#### DATA PROVIDED:

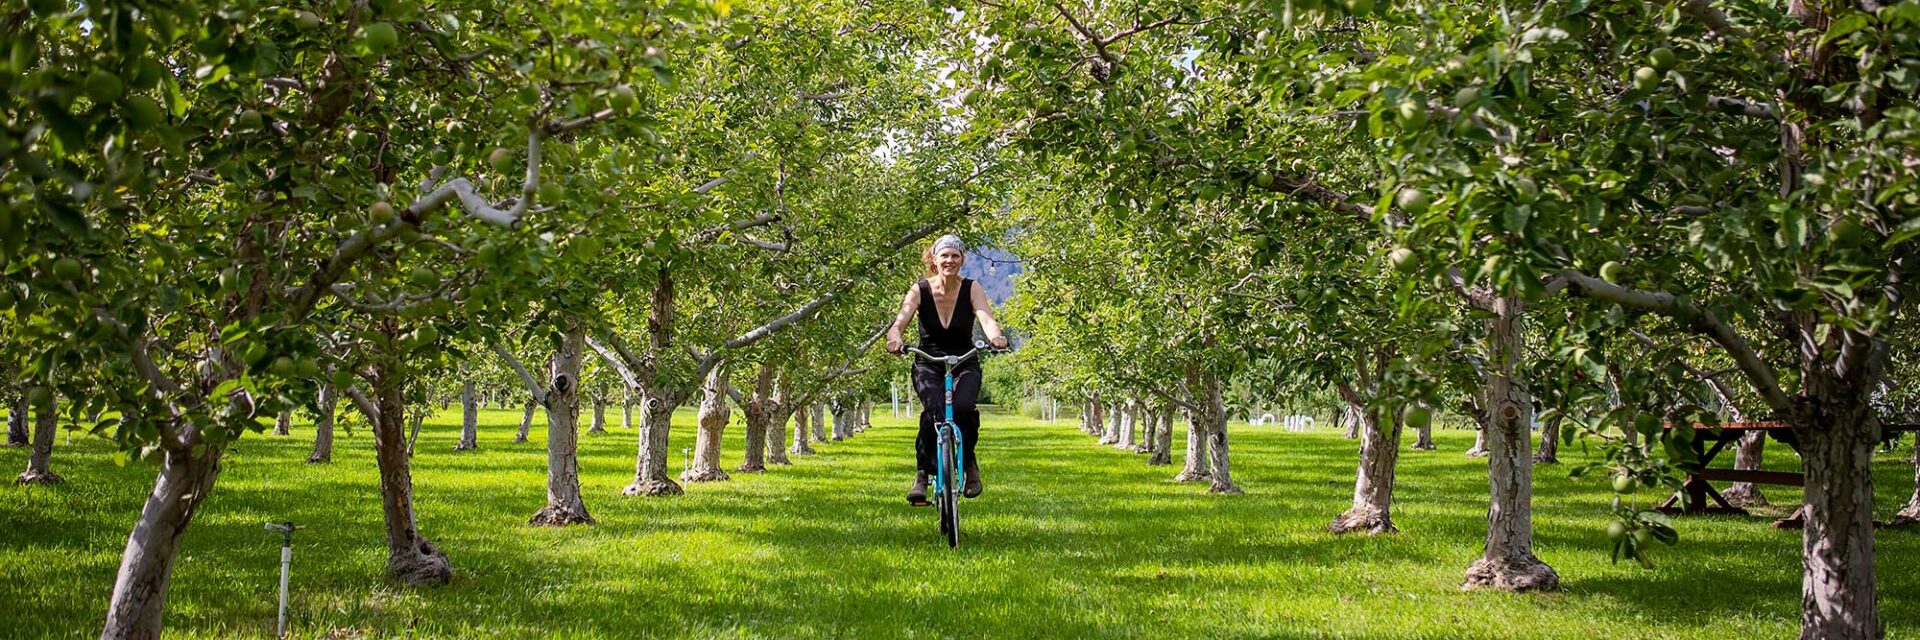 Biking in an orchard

---

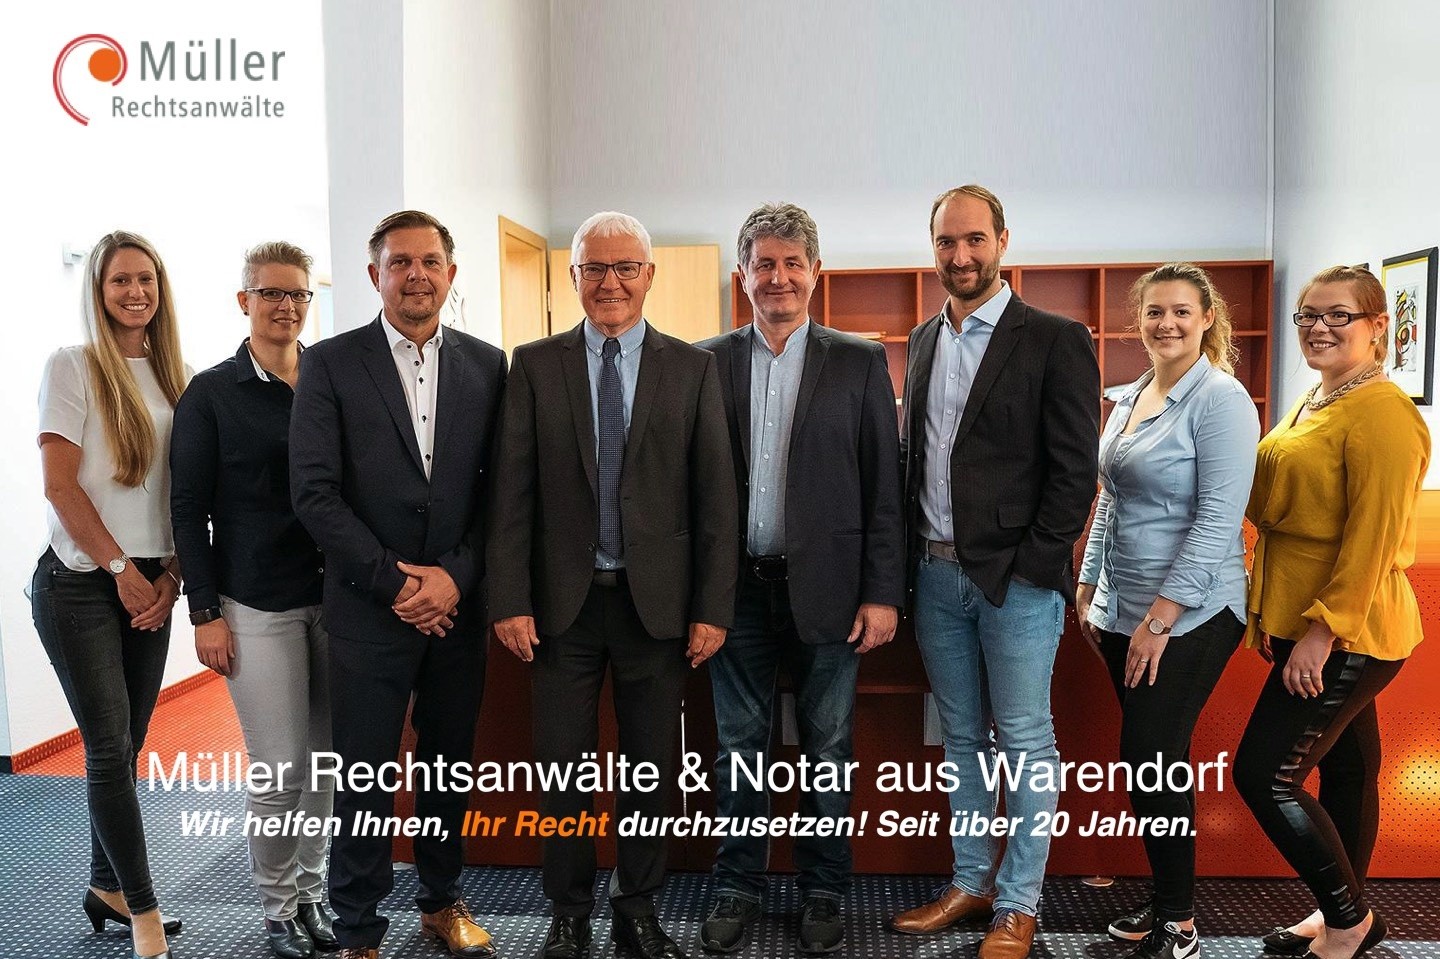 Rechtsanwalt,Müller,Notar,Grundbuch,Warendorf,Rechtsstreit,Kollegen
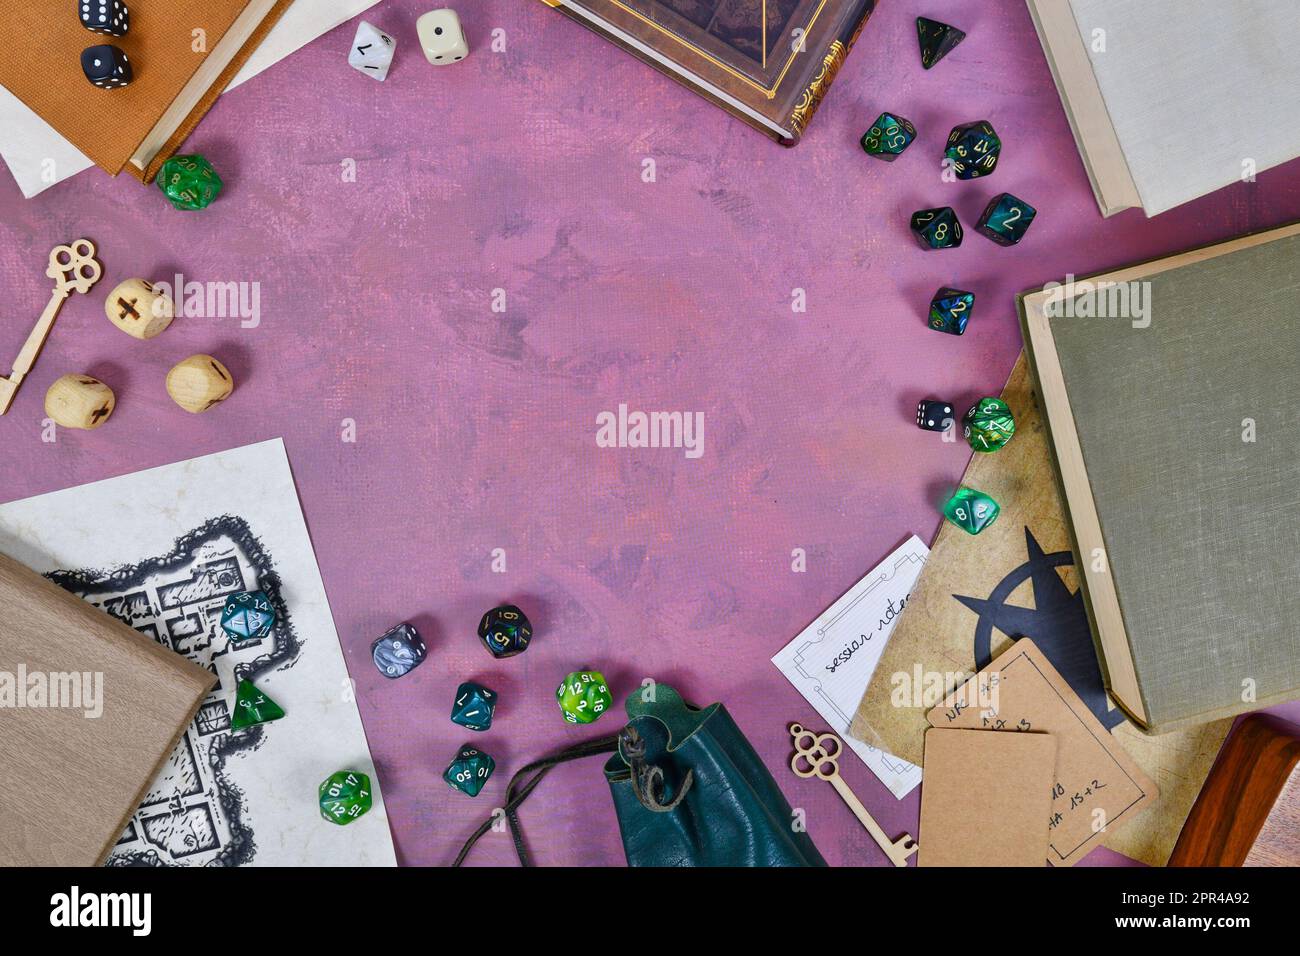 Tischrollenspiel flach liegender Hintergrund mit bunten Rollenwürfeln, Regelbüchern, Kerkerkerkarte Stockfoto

==

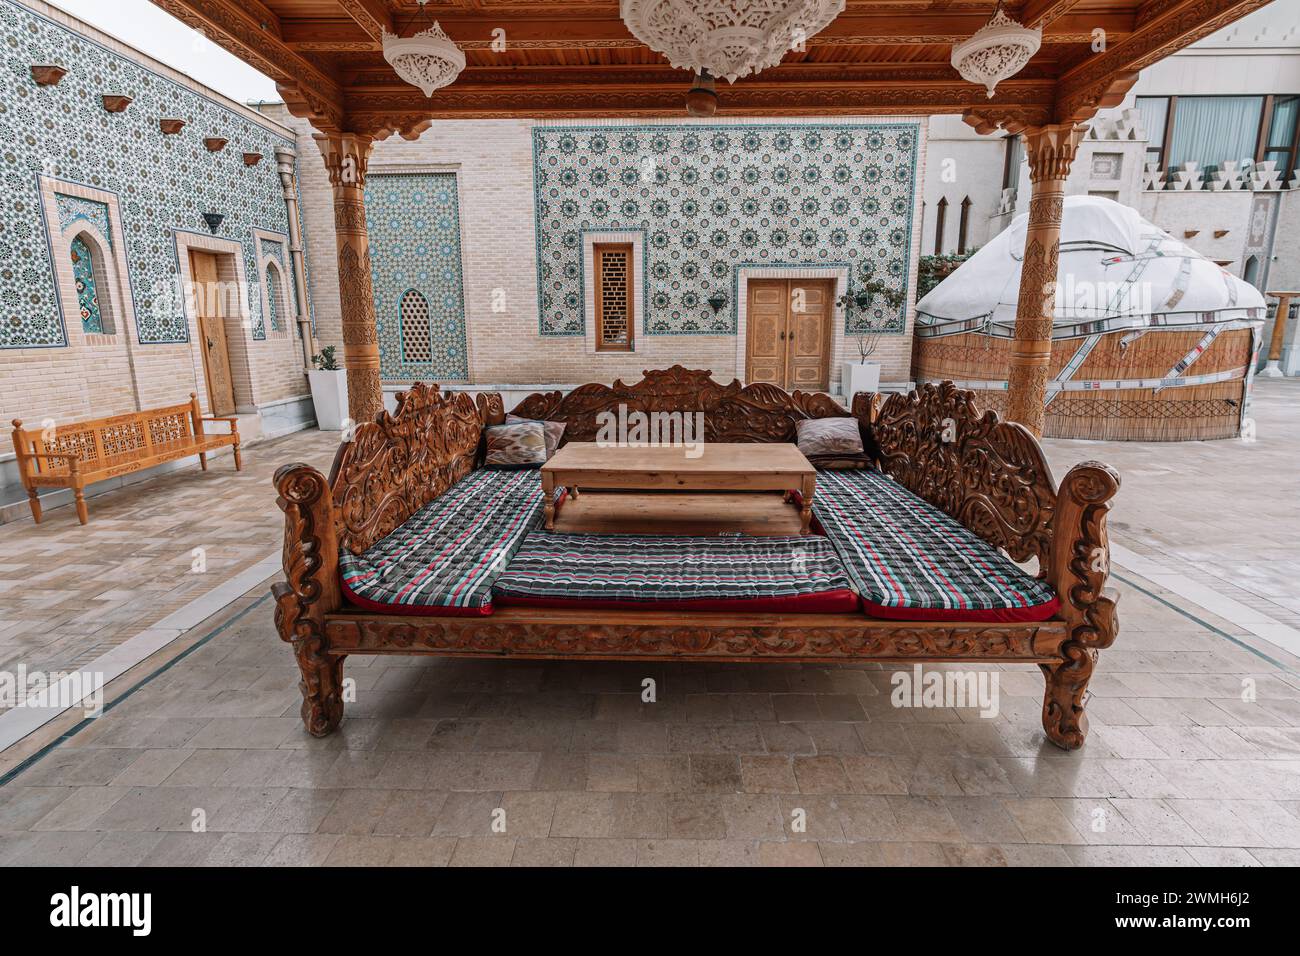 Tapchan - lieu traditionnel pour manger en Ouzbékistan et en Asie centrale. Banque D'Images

#### ASSIGNMENT:
Only one stretch of the entries above is needed: the lines from the one containing "Rechtsanwalt,M" through the one containing "Tischrollenspiel flach liegender". Copy it exactly, without the pictures.

#### ANSWER BOX:
 Rechtsanwalt,Müller,Notar,Grundbuch,Warendorf,Rechtsstreit,Kollegen
 Tischrollenspiel flach liegender Hintergrund mit bunten Rollenwürfeln, Regelbüchern, Kerkerkerkarte Stockfoto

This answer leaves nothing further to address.